EXERCISE PROMPT: Below this line is the material. Write out only its lines from the one containing "1984 Vintage Smith" through the one containing "Gratam visitare Alizarin", both kept, exactly.

DATA SUPPLIED:
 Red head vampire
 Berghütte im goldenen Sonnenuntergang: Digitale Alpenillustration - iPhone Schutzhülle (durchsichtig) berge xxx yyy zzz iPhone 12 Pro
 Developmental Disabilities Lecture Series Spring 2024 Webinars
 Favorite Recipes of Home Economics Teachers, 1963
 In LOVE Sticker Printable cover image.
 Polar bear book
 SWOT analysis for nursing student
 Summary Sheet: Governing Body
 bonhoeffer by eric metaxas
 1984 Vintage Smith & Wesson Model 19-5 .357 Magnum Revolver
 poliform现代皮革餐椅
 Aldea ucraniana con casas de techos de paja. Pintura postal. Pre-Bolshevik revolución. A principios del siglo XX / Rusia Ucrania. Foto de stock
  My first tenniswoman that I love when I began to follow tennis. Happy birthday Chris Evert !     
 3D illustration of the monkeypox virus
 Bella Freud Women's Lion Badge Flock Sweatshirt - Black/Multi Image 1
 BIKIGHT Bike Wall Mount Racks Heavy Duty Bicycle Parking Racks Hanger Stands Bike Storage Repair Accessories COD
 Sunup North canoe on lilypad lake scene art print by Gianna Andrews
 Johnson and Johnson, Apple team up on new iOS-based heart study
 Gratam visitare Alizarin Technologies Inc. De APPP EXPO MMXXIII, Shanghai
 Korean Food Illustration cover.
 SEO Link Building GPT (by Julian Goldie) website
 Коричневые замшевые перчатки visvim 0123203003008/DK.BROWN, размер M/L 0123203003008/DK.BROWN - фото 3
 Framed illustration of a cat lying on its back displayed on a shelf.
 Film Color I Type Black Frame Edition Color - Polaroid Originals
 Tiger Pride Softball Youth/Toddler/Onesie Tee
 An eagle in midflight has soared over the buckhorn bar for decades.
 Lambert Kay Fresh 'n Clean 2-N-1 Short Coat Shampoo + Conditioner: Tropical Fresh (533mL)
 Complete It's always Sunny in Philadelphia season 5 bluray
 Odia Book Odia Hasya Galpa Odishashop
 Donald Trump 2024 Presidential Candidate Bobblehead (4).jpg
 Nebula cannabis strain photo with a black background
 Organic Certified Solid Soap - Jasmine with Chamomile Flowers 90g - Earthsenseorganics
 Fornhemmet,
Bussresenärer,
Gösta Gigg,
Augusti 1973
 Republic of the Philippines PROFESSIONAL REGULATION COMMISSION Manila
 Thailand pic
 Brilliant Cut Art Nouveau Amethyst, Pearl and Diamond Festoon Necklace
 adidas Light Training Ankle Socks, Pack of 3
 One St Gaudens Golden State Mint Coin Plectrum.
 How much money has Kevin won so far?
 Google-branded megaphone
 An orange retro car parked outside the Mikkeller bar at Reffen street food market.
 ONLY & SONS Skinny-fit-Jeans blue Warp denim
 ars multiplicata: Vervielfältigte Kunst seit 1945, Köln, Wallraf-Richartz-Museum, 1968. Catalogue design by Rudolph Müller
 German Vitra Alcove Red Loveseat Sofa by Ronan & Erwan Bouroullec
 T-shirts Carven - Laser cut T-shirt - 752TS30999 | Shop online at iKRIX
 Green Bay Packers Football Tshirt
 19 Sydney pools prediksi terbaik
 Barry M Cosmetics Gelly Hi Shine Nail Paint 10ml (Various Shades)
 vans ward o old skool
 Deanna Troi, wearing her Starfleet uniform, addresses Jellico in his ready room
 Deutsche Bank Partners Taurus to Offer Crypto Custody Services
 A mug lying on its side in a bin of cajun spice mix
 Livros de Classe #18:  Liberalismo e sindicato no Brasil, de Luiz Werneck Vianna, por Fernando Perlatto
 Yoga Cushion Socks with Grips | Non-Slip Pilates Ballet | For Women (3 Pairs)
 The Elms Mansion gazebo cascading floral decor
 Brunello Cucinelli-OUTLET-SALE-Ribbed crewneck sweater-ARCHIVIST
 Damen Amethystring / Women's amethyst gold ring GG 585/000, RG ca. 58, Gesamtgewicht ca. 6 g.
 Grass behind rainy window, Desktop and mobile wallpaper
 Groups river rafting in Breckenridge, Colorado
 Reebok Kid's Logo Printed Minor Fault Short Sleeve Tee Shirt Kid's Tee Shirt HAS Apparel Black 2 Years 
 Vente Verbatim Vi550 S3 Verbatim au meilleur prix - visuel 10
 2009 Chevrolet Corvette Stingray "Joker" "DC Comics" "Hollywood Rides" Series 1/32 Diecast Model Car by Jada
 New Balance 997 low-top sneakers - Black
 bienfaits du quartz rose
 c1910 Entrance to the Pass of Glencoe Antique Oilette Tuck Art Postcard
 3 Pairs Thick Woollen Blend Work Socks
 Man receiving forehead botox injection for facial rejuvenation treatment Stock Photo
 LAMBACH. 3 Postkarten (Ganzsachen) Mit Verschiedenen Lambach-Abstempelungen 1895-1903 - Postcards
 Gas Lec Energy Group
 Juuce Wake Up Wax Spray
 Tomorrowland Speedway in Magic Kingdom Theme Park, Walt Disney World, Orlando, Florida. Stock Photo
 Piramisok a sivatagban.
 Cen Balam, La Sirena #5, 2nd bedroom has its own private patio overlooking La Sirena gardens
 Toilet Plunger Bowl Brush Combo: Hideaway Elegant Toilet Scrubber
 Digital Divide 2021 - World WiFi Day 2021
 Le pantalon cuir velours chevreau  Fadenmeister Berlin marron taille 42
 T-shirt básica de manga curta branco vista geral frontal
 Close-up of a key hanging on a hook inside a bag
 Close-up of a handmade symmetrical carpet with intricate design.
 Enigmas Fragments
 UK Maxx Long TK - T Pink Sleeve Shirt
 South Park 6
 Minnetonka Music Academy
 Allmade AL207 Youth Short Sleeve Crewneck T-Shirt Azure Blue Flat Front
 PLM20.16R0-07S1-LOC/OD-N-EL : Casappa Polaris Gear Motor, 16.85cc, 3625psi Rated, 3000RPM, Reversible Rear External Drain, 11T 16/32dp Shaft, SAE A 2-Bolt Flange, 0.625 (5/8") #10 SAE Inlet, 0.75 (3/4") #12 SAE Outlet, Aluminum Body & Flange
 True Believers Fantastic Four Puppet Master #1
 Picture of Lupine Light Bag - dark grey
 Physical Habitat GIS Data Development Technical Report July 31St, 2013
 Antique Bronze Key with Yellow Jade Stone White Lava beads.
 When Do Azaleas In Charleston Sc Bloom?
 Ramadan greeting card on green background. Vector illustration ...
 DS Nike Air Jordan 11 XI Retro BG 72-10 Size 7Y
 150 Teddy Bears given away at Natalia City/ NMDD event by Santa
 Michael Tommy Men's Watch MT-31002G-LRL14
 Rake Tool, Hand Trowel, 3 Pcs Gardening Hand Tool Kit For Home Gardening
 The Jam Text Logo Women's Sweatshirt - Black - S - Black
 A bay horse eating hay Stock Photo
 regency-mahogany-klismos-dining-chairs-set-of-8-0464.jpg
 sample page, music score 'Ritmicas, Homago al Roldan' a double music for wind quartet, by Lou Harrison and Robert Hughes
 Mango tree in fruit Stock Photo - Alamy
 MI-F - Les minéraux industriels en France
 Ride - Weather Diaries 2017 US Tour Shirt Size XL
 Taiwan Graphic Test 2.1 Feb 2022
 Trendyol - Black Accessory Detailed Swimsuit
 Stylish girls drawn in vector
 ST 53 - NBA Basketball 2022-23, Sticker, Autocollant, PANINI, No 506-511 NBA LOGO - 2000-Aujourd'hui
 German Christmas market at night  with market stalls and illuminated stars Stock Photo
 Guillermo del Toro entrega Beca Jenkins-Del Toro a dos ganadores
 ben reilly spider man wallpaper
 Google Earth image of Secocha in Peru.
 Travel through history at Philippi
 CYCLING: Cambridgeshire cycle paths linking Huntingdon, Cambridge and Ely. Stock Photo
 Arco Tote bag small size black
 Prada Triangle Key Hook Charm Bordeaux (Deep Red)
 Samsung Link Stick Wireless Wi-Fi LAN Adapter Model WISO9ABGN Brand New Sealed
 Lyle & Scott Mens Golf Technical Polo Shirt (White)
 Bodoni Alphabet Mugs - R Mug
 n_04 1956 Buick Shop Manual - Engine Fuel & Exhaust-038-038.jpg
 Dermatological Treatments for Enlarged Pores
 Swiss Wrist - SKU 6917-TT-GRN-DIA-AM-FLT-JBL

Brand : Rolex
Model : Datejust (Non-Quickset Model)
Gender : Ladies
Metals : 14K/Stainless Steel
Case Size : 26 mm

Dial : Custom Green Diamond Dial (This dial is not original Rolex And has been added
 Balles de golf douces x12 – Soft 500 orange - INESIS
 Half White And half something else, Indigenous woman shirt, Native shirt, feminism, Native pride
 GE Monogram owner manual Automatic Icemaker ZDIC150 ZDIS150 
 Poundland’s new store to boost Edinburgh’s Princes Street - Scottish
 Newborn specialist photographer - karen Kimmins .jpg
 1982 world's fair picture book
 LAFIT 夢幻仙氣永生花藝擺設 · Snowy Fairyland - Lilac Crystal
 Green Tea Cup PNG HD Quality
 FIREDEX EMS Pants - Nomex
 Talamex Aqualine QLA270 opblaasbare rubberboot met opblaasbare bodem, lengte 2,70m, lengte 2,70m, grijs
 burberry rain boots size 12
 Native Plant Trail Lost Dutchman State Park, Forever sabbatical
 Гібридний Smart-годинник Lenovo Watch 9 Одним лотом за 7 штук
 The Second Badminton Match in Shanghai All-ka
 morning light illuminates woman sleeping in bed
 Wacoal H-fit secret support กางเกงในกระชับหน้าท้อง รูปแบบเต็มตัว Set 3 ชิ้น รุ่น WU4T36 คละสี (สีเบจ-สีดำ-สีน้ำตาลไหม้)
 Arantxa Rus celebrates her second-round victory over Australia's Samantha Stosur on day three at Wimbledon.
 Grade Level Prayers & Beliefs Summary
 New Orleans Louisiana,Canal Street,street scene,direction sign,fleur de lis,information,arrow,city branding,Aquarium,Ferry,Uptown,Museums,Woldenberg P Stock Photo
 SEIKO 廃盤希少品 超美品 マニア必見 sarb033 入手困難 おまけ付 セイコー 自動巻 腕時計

RESULT OF THIS TASK:
 1984 Vintage Smith & Wesson Model 19-5 .357 Magnum Revolver
 poliform现代皮革餐椅
 Aldea ucraniana con casas de techos de paja. Pintura postal. Pre-Bolshevik revolución. A principios del siglo XX / Rusia Ucrania. Foto de stock
  My first tenniswoman that I love when I began to follow tennis. Happy birthday Chris Evert !     
 3D illustration of the monkeypox virus
 Bella Freud Women's Lion Badge Flock Sweatshirt - Black/Multi Image 1
 BIKIGHT Bike Wall Mount Racks Heavy Duty Bicycle Parking Racks Hanger Stands Bike Storage Repair Accessories COD
 Sunup North canoe on lilypad lake scene art print by Gianna Andrews
 Johnson and Johnson, Apple team up on new iOS-based heart study
 Gratam visitare Alizarin Technologies Inc. De APPP EXPO MMXXIII, Shanghai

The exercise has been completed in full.